And they also, by design, choose rolled stat as the default. So a character that start with two 14, while another start with a 20 and a 18, is by design good for the game. In the Dm guide they also write that a gap of THREE levels between PC isn‘t going to ruin the game for anyone. (Page 260). The rules aren’t build to share the spotlight, it is the players and the DM that have to manage the fun and the spotlight around the table.
 

Time to play the princess with no combat abilty.
I'll dominate the whole game.
I know some players that will certainly steal the show for a session or two playing the rescued princess while going back home. It is a matter of play style. In a game where fight last 3 rounds and take 15 minutes, debate on looting, prisoners, clue, intel, can bring a stubborn and proud princess to overshine wizard and bard!
 

How would this interface with the pages and pages and pages of spells? Keep in mind that 5e literally has more pages dedicated to spell text (79) than it has to character classes (76)--and that's counting all the splash art in the latter as pages of "text." If you condensed it down, it'd be closer to about 70 pages of spell text and less than 60 pages of classes, since every class has at least a half-page splash art in it.
Assuming we're keeping 5e structures in place, you give the caster classes a small, bespoke spell list (4-5 spells per level or so) at the end of the class description. You format it to look like cleric domain spells (i.e. spells are listed horizontally by level, not vertically). You also give them the option to swap out a spell on their spell list each level for a different spell from the book, normally with restrictions. A summoner might be able to swap out for any conjuration spell, for example. A more versatile caster might have a feature akin to bardic Magical Secrets, or have a spellbook that can gain spells from the wizard list.
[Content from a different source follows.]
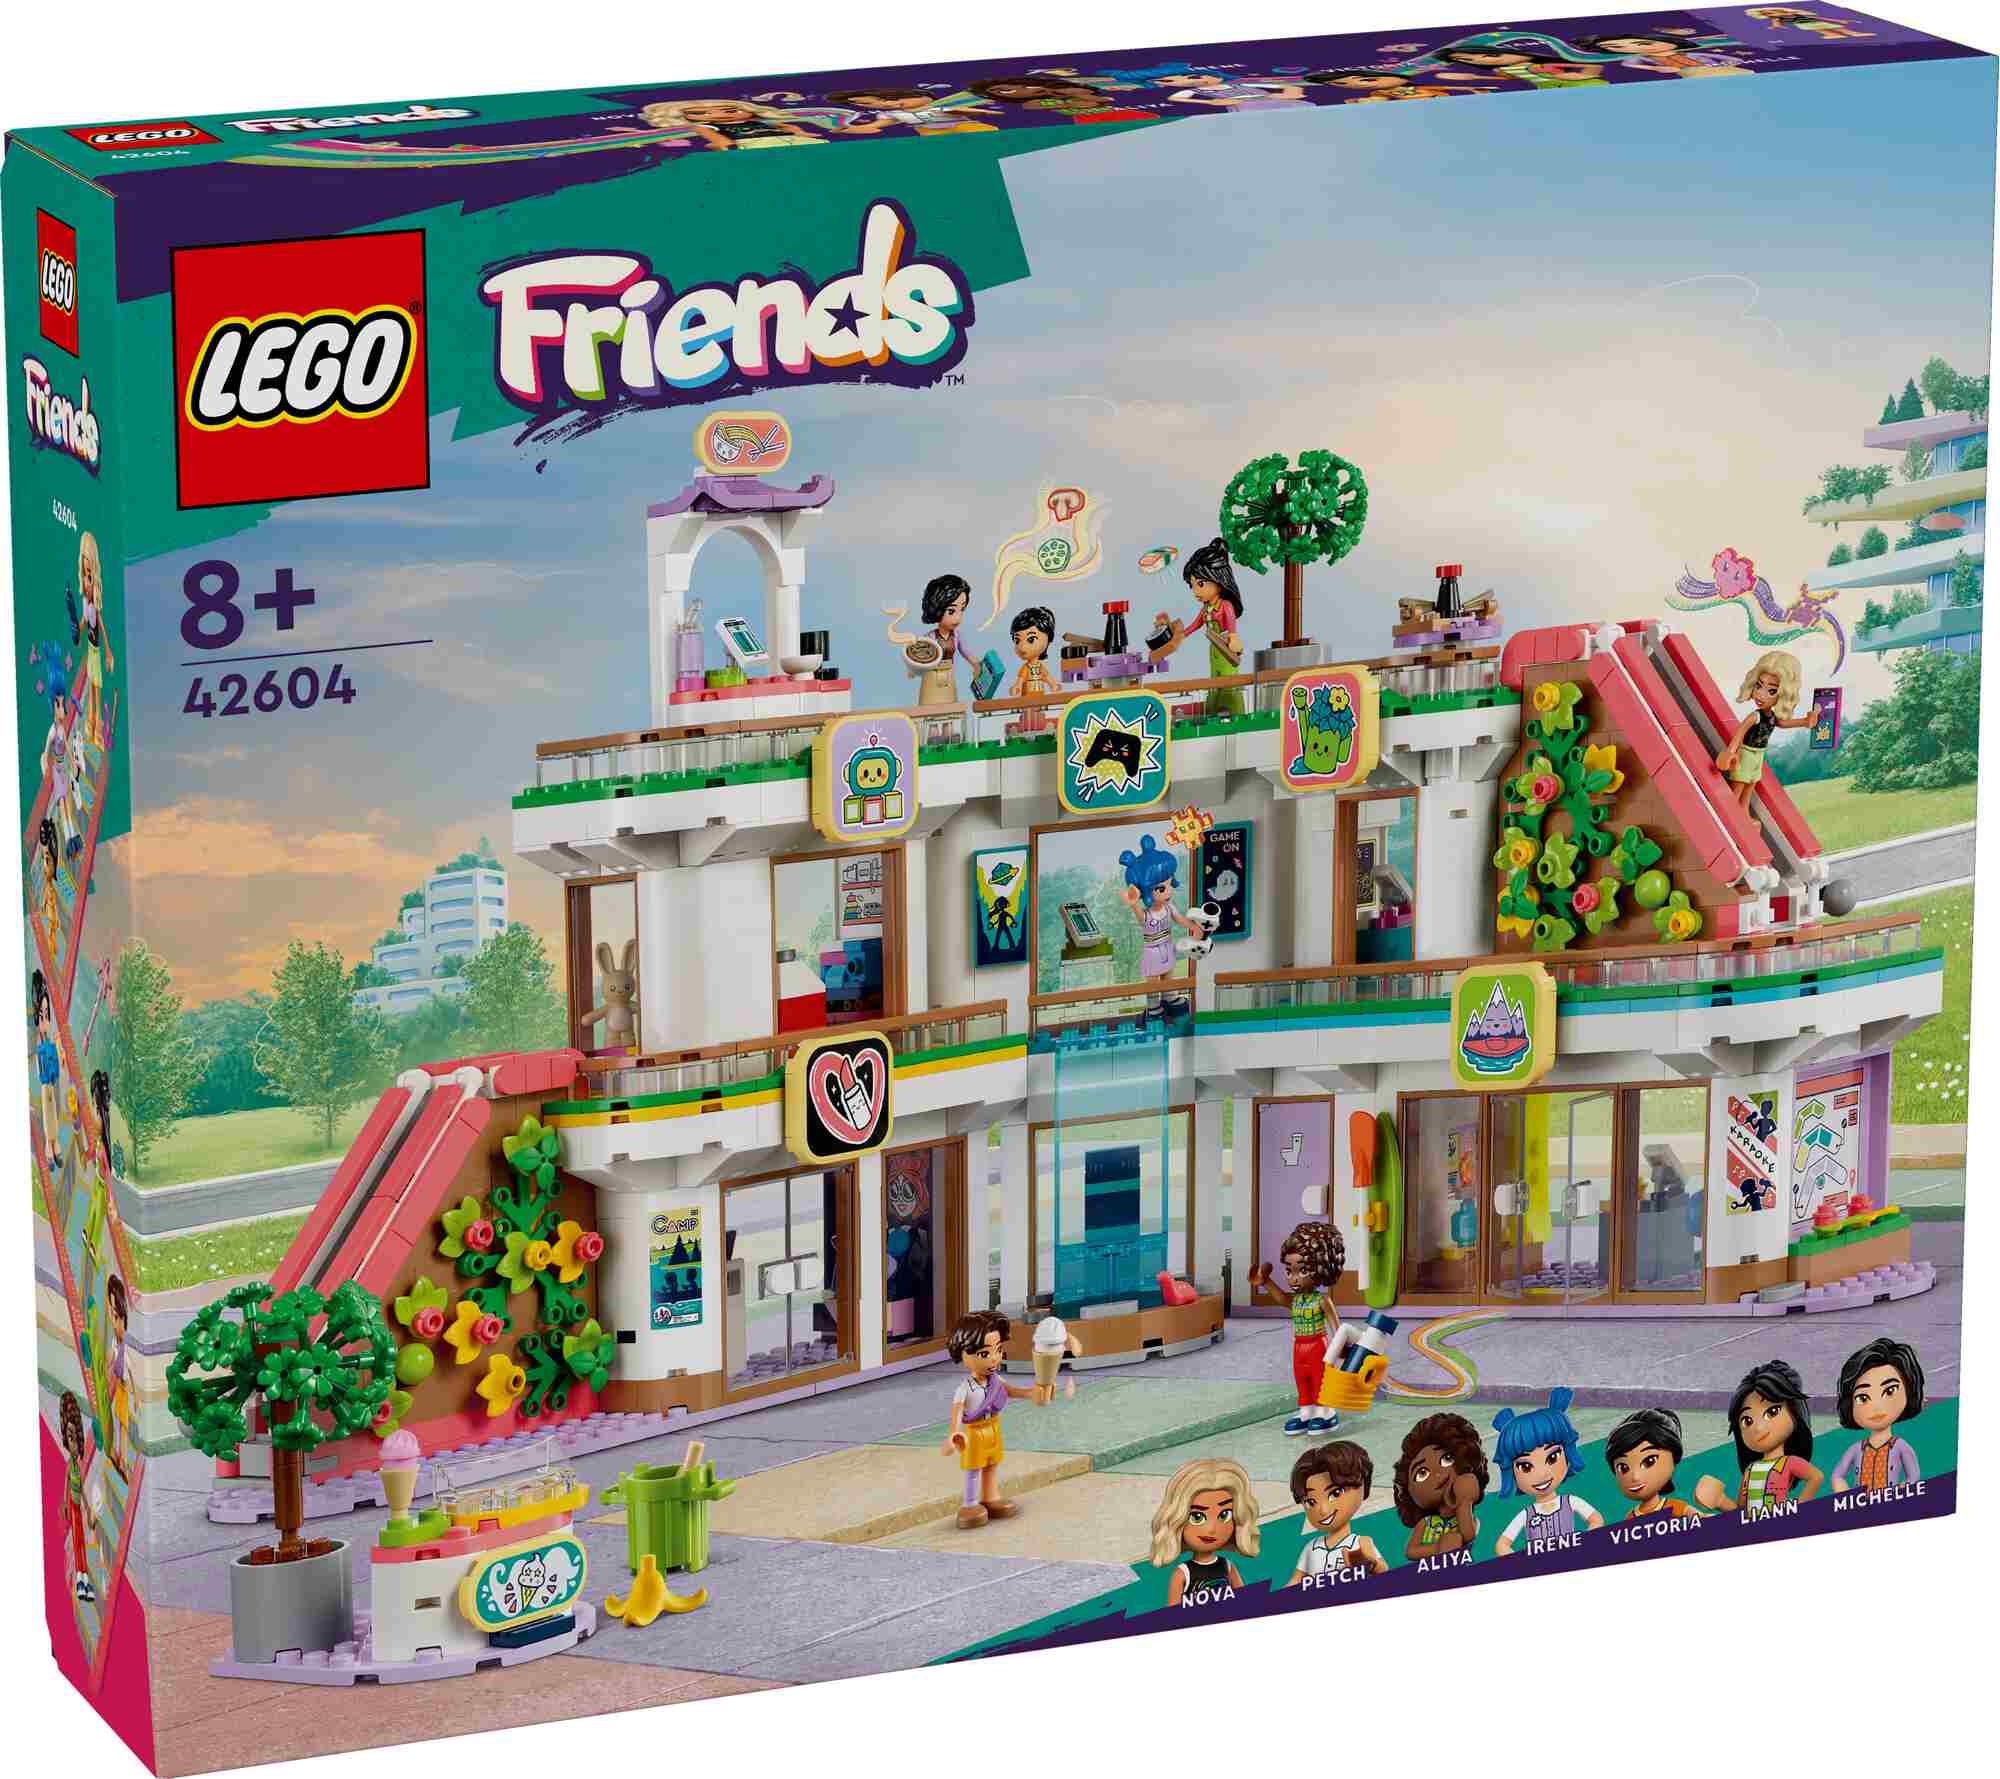 LEGO 42604 Friends Heartlake City Kaufhaus, 7 Spielfiguren, 3 Etagen

In a hypothetical revised or new edition, I have spells and maneuvers in the back of the book, organized by spell/maneuver school plus some other thematic organizing principles. Like Arcane, Divine, Primal or White, Black, Blue, Red, Green or Damage/Buff/Utility. Something where you can slice and dice by multiple categories to restrict access to an organized subset, and then do the same as I mentioned above.
 

I think this is an out-and-out consequence of the skill system.

In AD&D a fighter could have a modest or even decent CHA and might therefore be just as charming as a bard or druid, or close to it. At least until 2nd ed AD&D bards there was no class feature, let alone a level-dependent one, that influenced how charming a character was. (The only exception I can think of is the Friends spell. Personally I never saw that spell in play; but even then it's not going to be dominating the sphere of social interaction.)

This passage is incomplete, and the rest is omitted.